We divide this area by the total area 16 pi to get proportional area 2 pi x `dx / (16 pi) = x/8 * `dx.
Since the distribution of 'hits' is assumed to be uniform (a bad player, or even a good player at a great distance) the proportion x / 8 * `dx applies also to the probability.

Since the probability of a hit within a small range `dx of distance x is equal to the corresponding area beneath the p(x) vs. x curve, and since for small `dx this area is close to p(x) `dx, we see that at `dx -> 0 the two quantities p(x) `dx and x/8 `dx must approach one another, so that p(x) = x/8.

Now if we have a good player, statistical analysis will show us that the density of 'hits' over the area of the dartboard should be normally distributed, with density proportional to e^(.5 x / std dev)^2.

For the present example suppose that the density function for a certain player is rho(x) = e^(-x^2 / 10).

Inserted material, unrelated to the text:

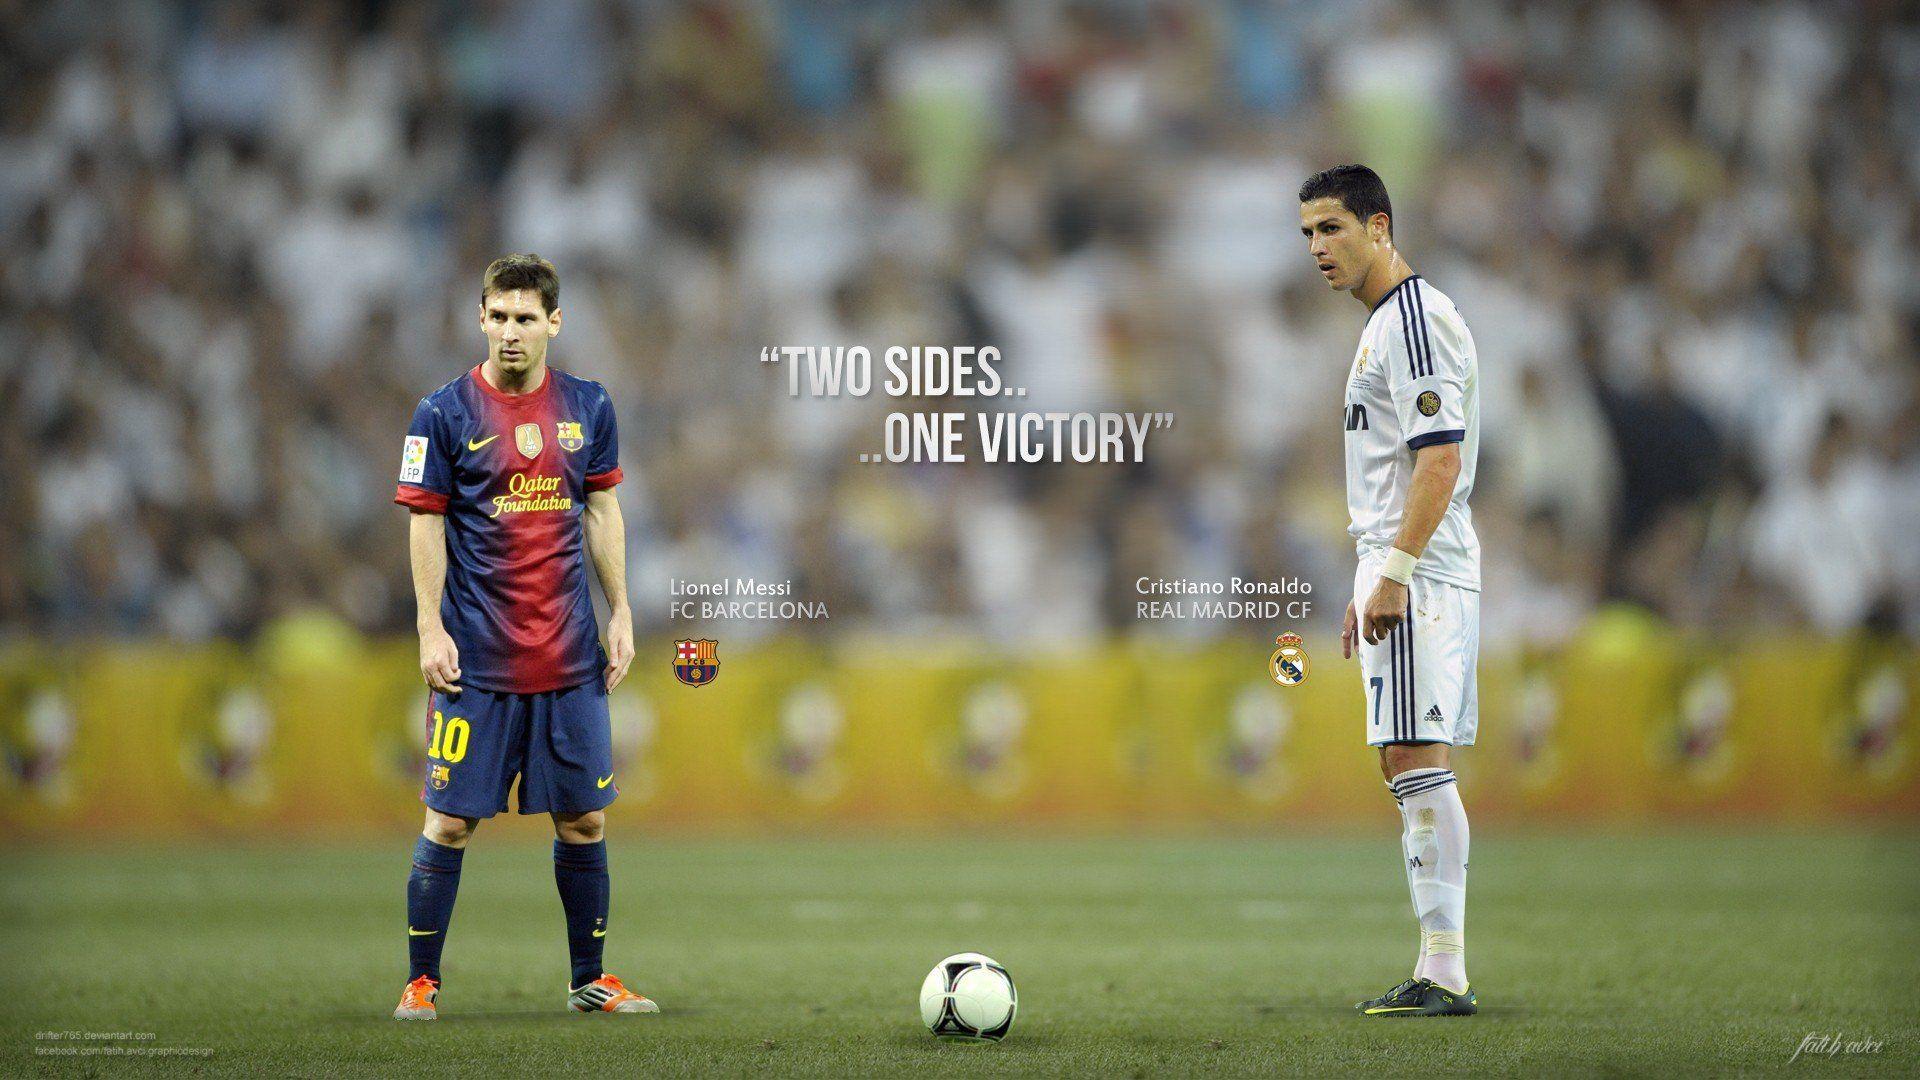 Lionel Messi VS Cristiano Ronaldo Wallpaper

Note that this gives rho(0) = 1 and rho(4) = .2, approx.. So the density of 'hits' near the center is about 5 times the density near the outer rim.

The density function is a decreasing exponential, as depicted in the graph at lower right below.

The number of 'hits' in a region is equal to the average density of the region multiplied by the area of the region.

We again consider a thin ring of width `dx at position x.

The number of 'hits' in this ring will be the product of the area of the ring and the density.
The area is as before approximately `dA = 2 pi x `dx.
For the present density function rho(x) = e^-(x^2/10) we therefore have

number of hits `dh = `dA * rho(x) = 2 pi x `dx * e^(-x^2/10).

The probability of a 'hit' in a certain region is the number of hits expected in that region, divided by the total number of 'hits'.

The approximate total number of 'hits' is found by summing the number `dh = 2 pi x `dx * e^(-x^2/10) for all rings, from the center at x = 0 to the outer rim at x = 4.
As `dx -> 0 this sum approaches the integral of 2 pi x * e^(-x^2/10), from x = 0 to x = 4.

The resulting integral is shown below, as is the probability of a 'hit' within the given ring.

We note that the integral of p(x), from x = 0 to x = 4, must be 1. You can easily check to see that this is so.

We can simplify the expression for p(x) by dividing 2 pi by 2 pi to obtain

p(x) = x e^-(x^2/10) / int(x e^-x^2/10), x, 0, 4)

We can perform the integration in the denominator, using substitution u = -x^2/10 so that du = -x/5 dx and x dx = -5 du.

The integrand becomes -5 e^u with antiderivative -5 e^u = -5 e^(-x^2/10).
Evaluating at the limits of the integral we obtain F(4) - F(0) = -1.009482589 - (-5) = 3.99.

Our function becomes p(x) = x e^-(x^2/10) / 3.99 or approximately p(x) = .25 x e^(-x^2/10).

This function has its peak slightly past x = 2. This function is graphed below on the same graph as the uniform-density function p(x) = x / 8.

For a very good player the distribution function might be just rho(x) = e^(-x^2).

You should verify that for this function the density near x = 4 is practically zero and that the x = 0 density is almost 3 times the x = 1 density.

The p(x) graph for this player is also depicted above, with the peak probability occurring for x less than 1. The function for this player is 2.000000225·x·ê^(- x^2); you should be able to verify this result.

You should visually convince yourself that the area under each graph in the figure above is indeed plausibly close to 1.

You should also use derivative tests to verify that the function p(x) = .25 e^(-x^2/10) is indeed maximized for a value of x slightly greater than x = 2.

Challenge problem: If the density of 'hits' is normally distributed with rho(x) = e^-(x^2 / c) for some c, then for what value of c will the density at x = 4 be just 1% of the x = 0 density? What then will be the probability density function for 'hits'?